Fortuitous, you say? More like miraculous. Never before or since have I felt more optimistic than at the outset of that estimating job. No more sleepless nights. In fact, after a week’s worth of pleasant effort, I was sleeping so soundly at night I barely woke up to the sound of a rooster crowing. Had I overslept? I glanced at the clock; it was midnight on the dot. Now I’m not superstitious (well, maybe sortastitious), but everyone knows that a rooster crowing at midnight is the Queen Mother of bad omens. No matter, my newfound confidence eclipsed any possible foreboding, and I went right back to sleep.


Barely recalling that incident, I pressed on with my work, as my self-assurance increased by the day. I even made it a daily habit of calling the GC’s precon manager and chatting him up—not to address any ambiguities, but to flaunt my superior grasp of the details. We even got familiar enough to trade a few anecdotes and some family facts. So when bid day finally rolled around you can imagine my surprise when I phoned my GC counterpart to discuss my proposal, and my call went immediately to voice mail. After several fruitless follow-up attempts I had to conclude that my GC had gone into a typical post-bid silent running mode.


But soon, doubt set in. I began to run any number of fantastically fatal scenarios through my already work-addled brain. Is this dreaded silence a kind of stifled laughter at some outrageous oversight? Perhaps my counterpart on the GC side is pondering how best to exploit my monstrous mistake. I try to call him again to allay my fears, but to no avail. Good thing. In a panic, I almost displayed an unfounded lack of confidence in my bid.
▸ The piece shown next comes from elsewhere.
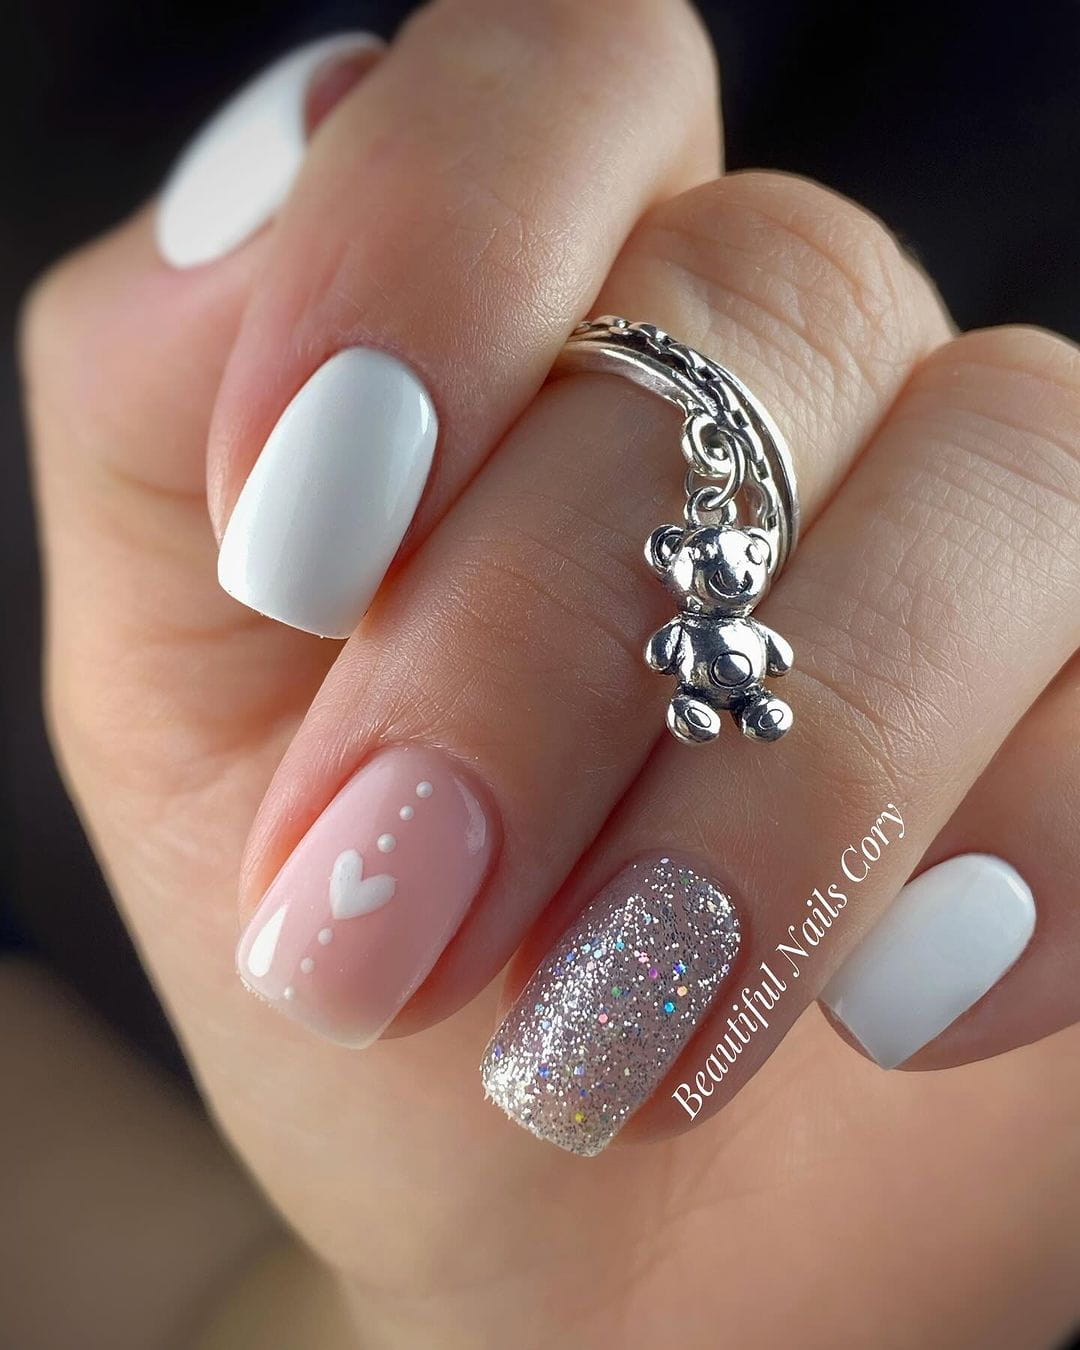 100 Pretty Spring Nail Designs To Try This Year images 84
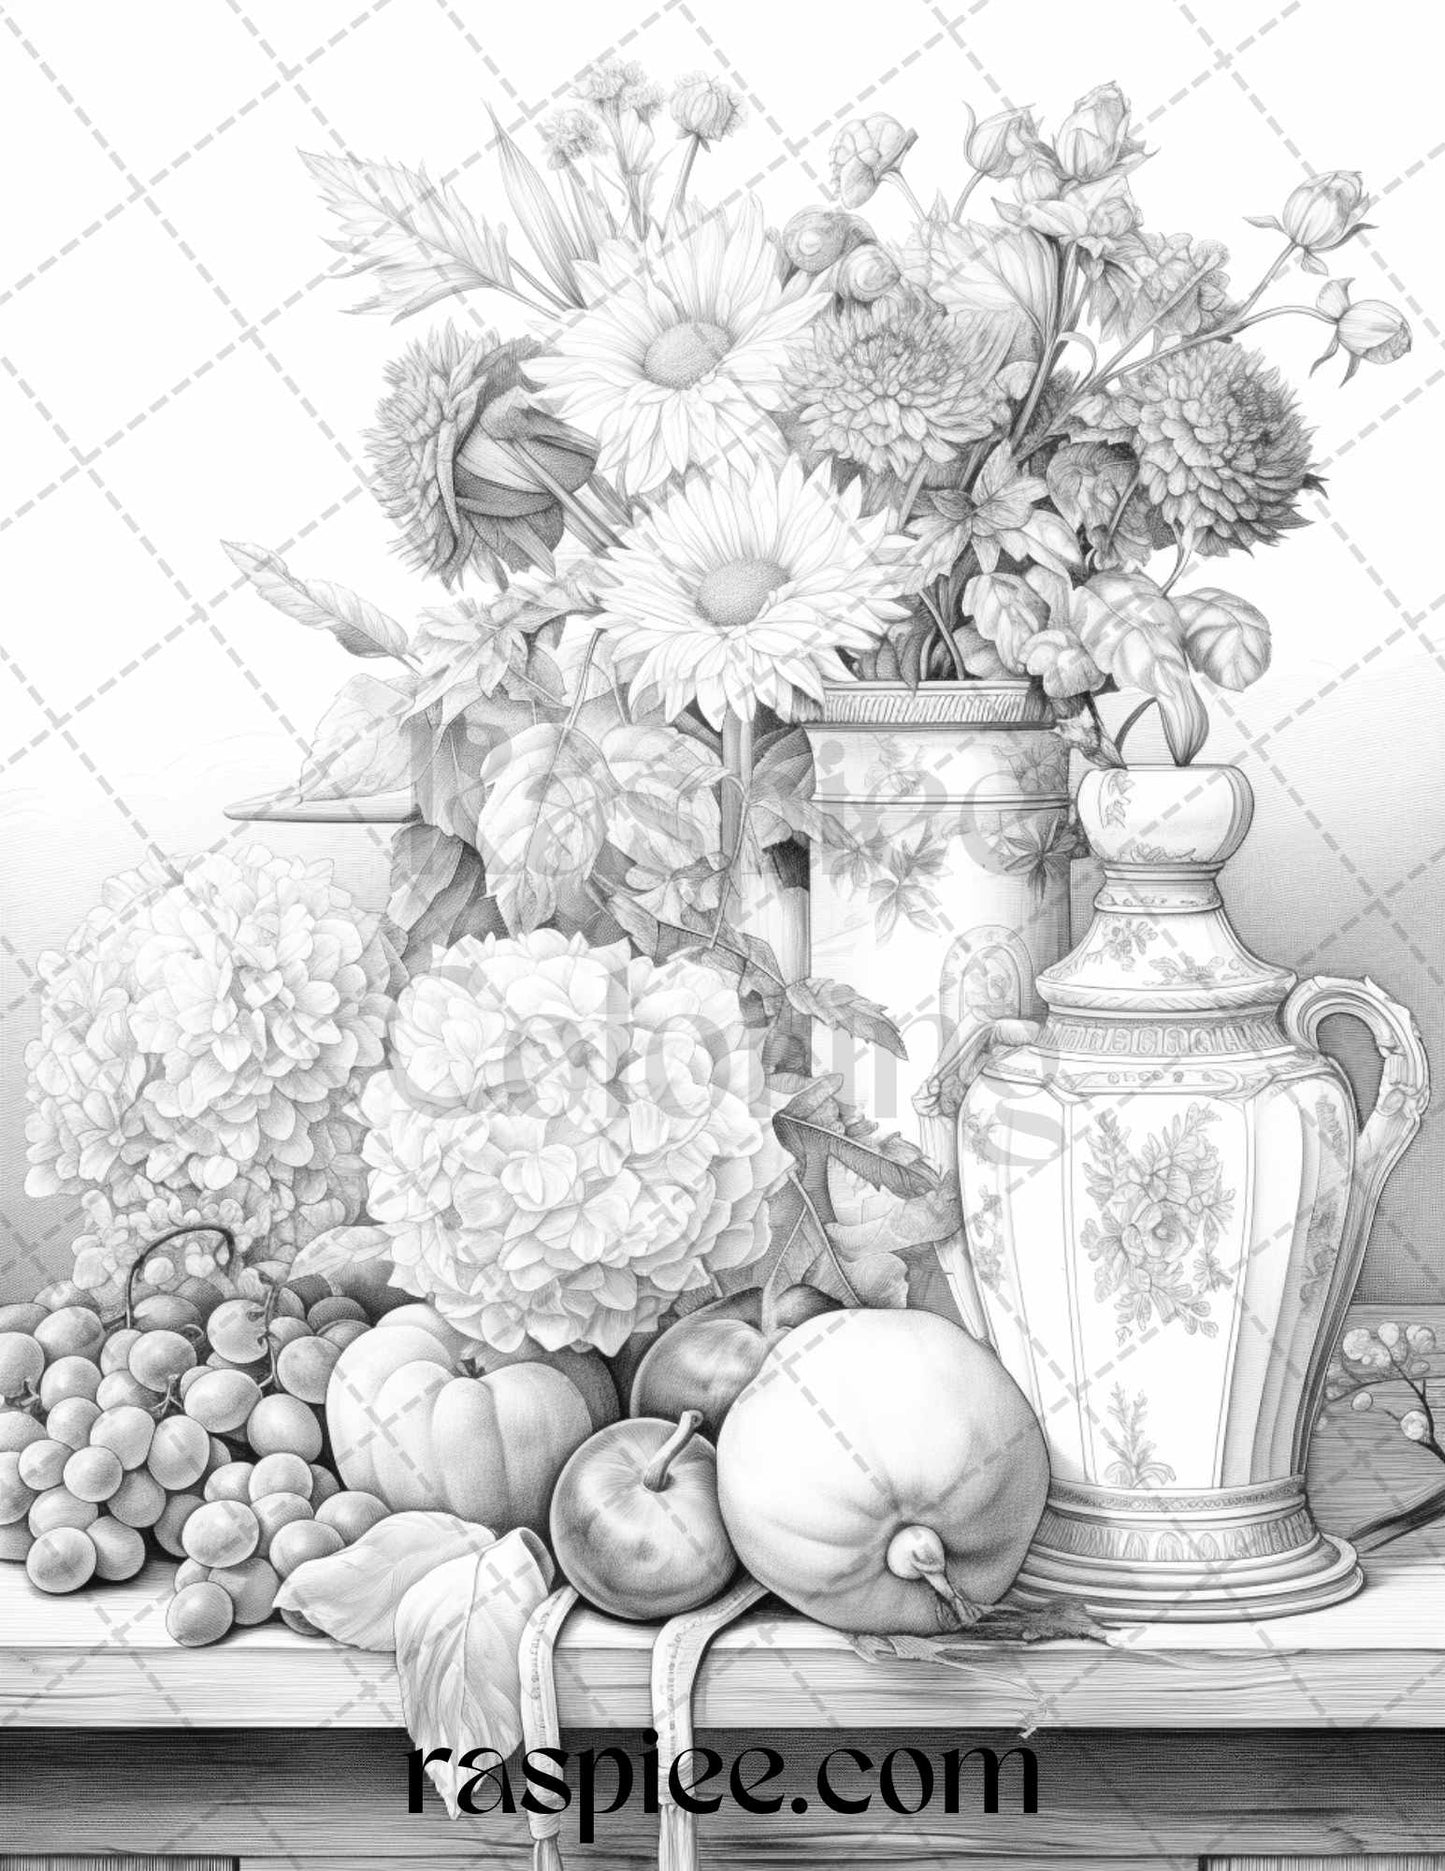 52 Still Life Grayscale Coloring Pages Printable for Adults, PDF File Instant Download - raspiee

I leave an innocuous voice mail message and take up the next bid challenge, which soon eclipses my irrational fear, and I let the whole thing lie for a couple of days.


But then, after a few days of no returned phone calls, a creeping anxiety once again began to scribble messages of doubt onto the back pages of my mind. The deafening silence, now combined with a weakening grasp of the particulars that comes with time, has kindled some new subconscious misgivings. I woke up in the middle of the night recalling some assumption that I made on a vague but critical detail that I should have researched better. After a restless night, I revisited the bid in the morning to find that my most recent misgivings were more a consequence of our waning familiarity with the details than any gaping oversight.


Another week went by. Just when my knowledge of the particulars on this job had ebbed to its lowest, the silence was suddenly broken by a phone call from my friendly GC. His tone was uncharacteristically glum, which was puzzling because he was in the process of telling me that I had a good number that he took to the owner. That’s when the other shoe hit the floor: The owner was pulling the plug on the project—putting it on hold indefinitely, as the total package had apparently exceeded his budget. We commiserated for a moment before hanging up. I should have known better—luck has always been a fair weather friend.


“Damn that rooster,” I muttered to myself.


Vince Bailey is an estimator/project manager working in the Phoenix area.